The House of Memory is a house, a collective house in which Milanese citizens hope to find protection for the memories they want to preserve. Nobody inhabits this house, and in this case the word house is understood as an envelope, a protected space, or a shelter that crystallizes memory within the flow of the metropolis. The word “house” – which is far too familiar – paradoxically emphasizes the monumentality of the building, turning it into an archetype or a symbol. The House of Memory is a house, and therefore a monument. In this context, the house becomes an object to be both protected and exhibited, a treasury to be surrounded with an envelope that both defends and exposes its content.
Styles of Memory
The idea to entrust a building with the task of preserving and transmitting memory might seem anachronistic and it is certainly problematic in the context of contemporary society. In fact, we are all quite suspicious (and not without reason) of attempts to capture memory into something as defined and irreversible as a building. And yet the House of Memory, by definition, cannot avoid testifying and so resisting in a fixed configuration over a long period. It is impossible to ignore that the House of Memory is a monument, although it operates in a society without any precise collective goals to assign to architecture. Instead of opposing this unclear condition, we imagined how to profit from it.

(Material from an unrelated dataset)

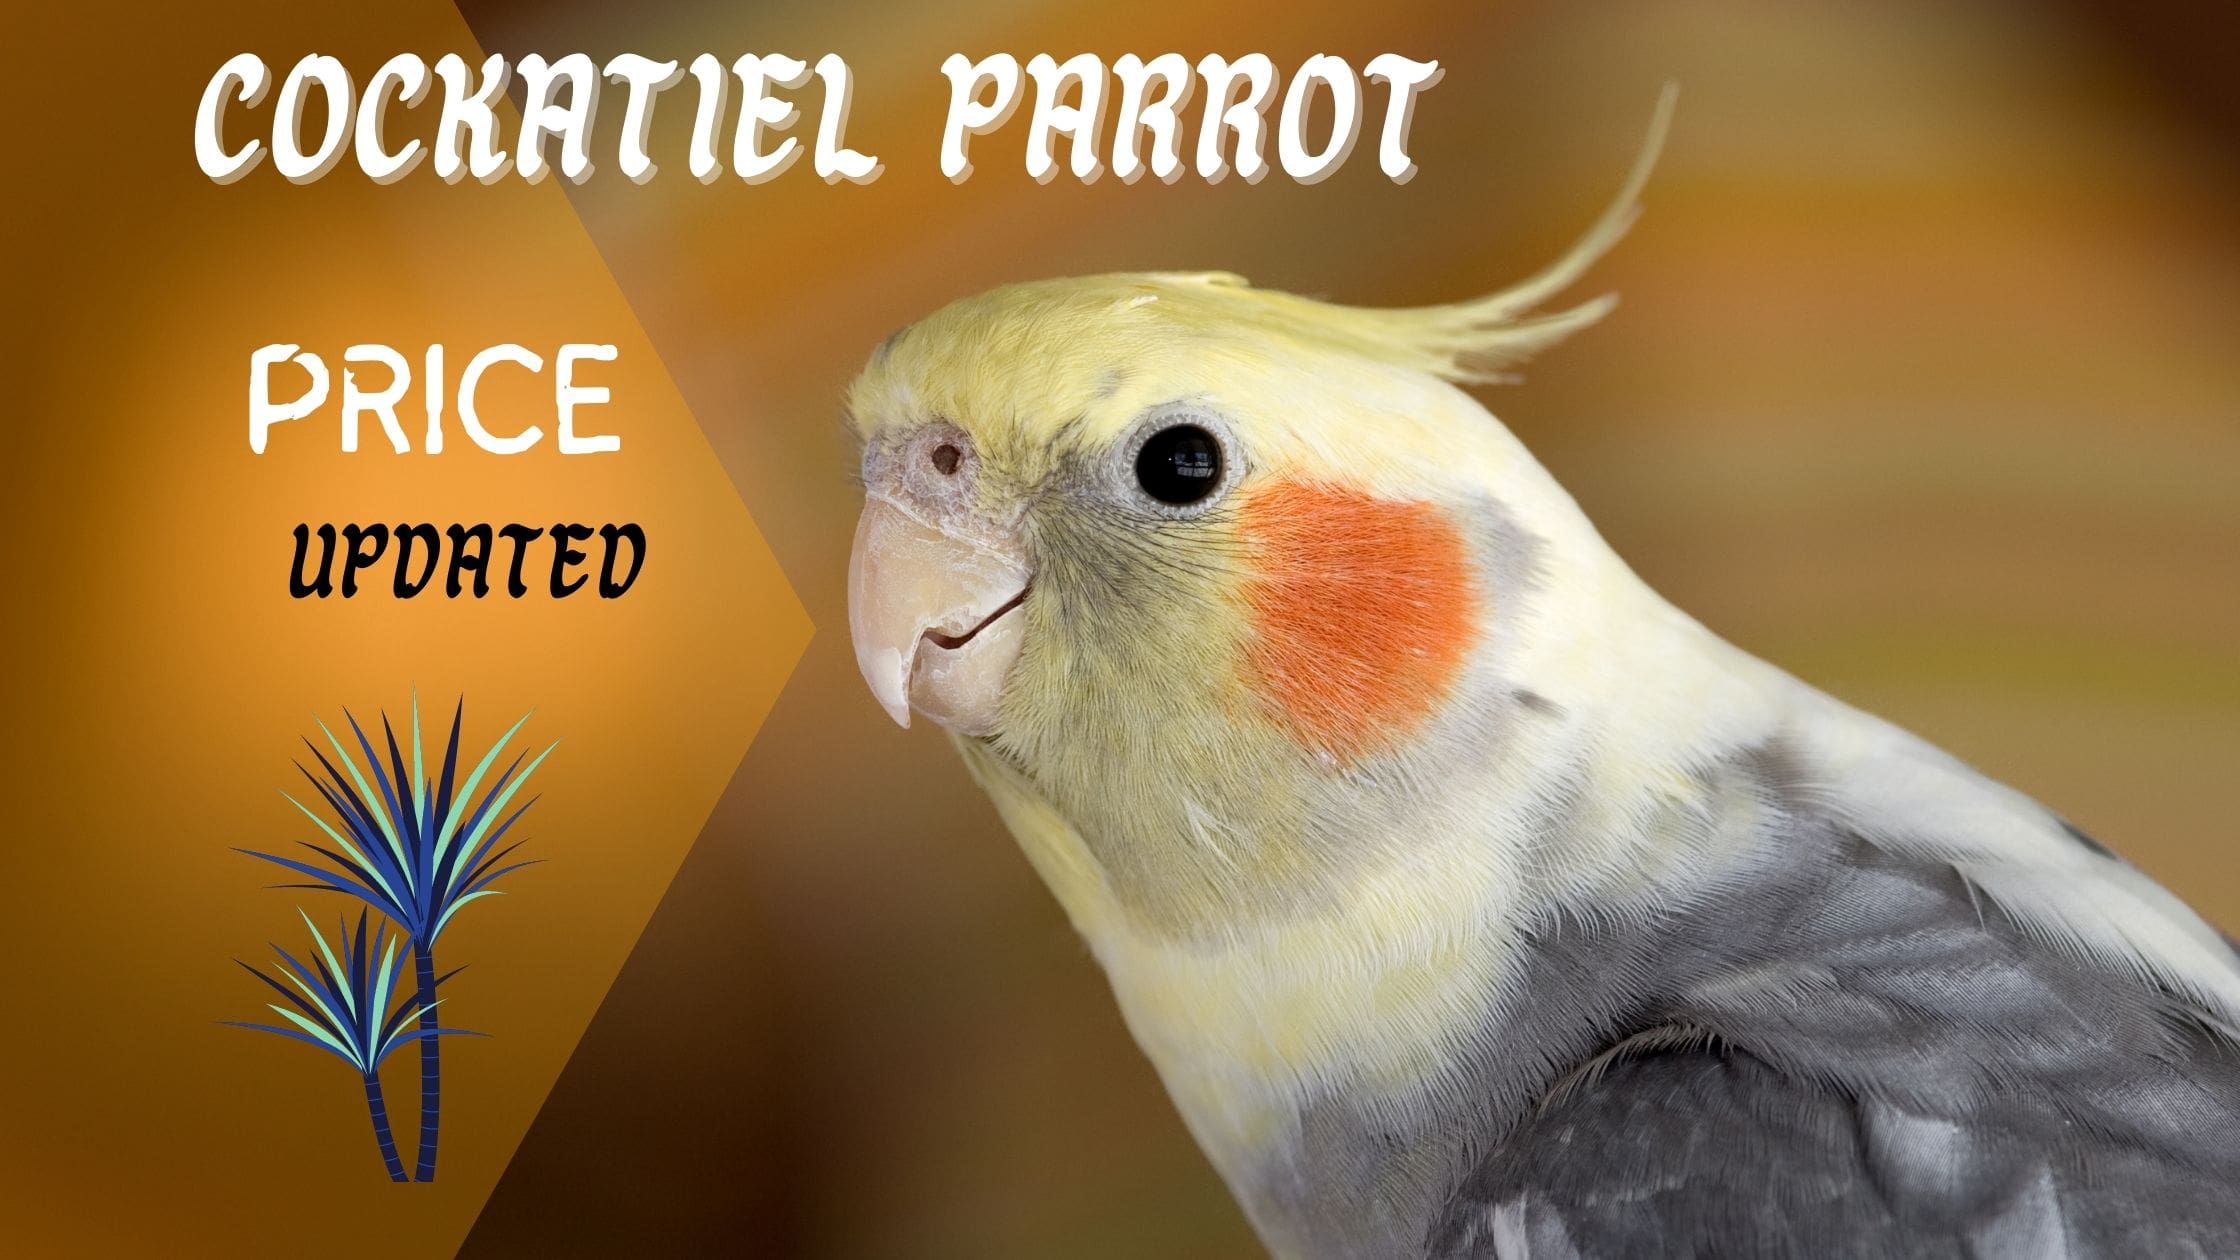 Cockatiel Parrot Price main

In fact, it is precisely in this complex dimension that the potential of the new building lies: in the possibility of combining the slowness and inertia of architecture with the multiplicity and rapidity of contemporary media. Rather than awkwardly following in the footsteps of contemporary communication technologies through a medium as static as architecture (and rather than reducing the complexity of contemporary technology and media to the unavoidable immobility of architecture), we chose to underscore the potential difference between the House of Memory’s solid exoskeleton and its fluid and mutating content. The new building highlights the complementarity of material and immaterial archives: different styles of memory coincide in an object that is ready to establish a dialogue with different audiences without renouncing the possibility of providing a unified representation. Thus a permanent stage set appears alongside a changing scenery, thereby producing a machine of memory that is both complex and univocal, both slow and mutating, and both multiple and immovable. The new building profits from both its weight and its lightness. As an open and continuously updated archive, the House of Memory is ready to play host to a multitude of informal and unforeseen uses. As a heavy, compact volume, the House of Memory displays its inertia, choosing to remain a stumbling block left to hinder and repeat its own testimony.
Polyptich
The relationship between memory and the House of Memory is not one of direct translation. Contemporary Milan does not possess a stable, entirely shared memory, ready to be carved in stone without further interrogation. Rather than considering the House of Memory as an expression of shared memory, we preferred considering it as a tool for discussing the different elements that coexist within the collective memory of the city. The House of Memory tries to provide a shelter for the various and varied memories that are woven not only into contemporary society, but also in the minds of individuals. Firm, longterm memories thus coexist inside all of us with our own fleeting, delicate memories; public memories go hand in hand with private ones; explicit memories cannot be separated from unconscious ones. The House of Memory is entirely covered with large images depicting Milan’s recent history. The shell of the new building is understood as a contemporary polyptych: this collection of images tries to suggest with great immediacy both the complexity and the ideal unity of Milan’s collective memory. The decorated façade, more than defining a shared memory, exposes the need for such sharing. For this reason the images collected on the envelope of the House of Memory are at the same time explicitly monumental and deliberately fragile. In fact, given their construction, the images appear more clearly from afar and then they lose clarity by coming closer. They dissolve into a sort of floating dust, as if they would finally be unsure about the very same truth that they so proudly accepted to expose. The iconographic program, carefully defined by a Scientific Committee, is made of nineteen portraits of anonymous Milanese citizens, which suggest the multiplicity of the populations that animated the city in the post-war period, and of eight historical images which record eight moments in the recent history of the city such as the deportation to concentration camps, the Liberation from Nazi-Fascism, the piazza Fontana bombing of 12 December 1969, …. This exterior decoration in polychrome brickwork establishes a direct relation with the Lombard tradition of buildings such as the Ospedale Maggiore and Santa Maria delle Grazie.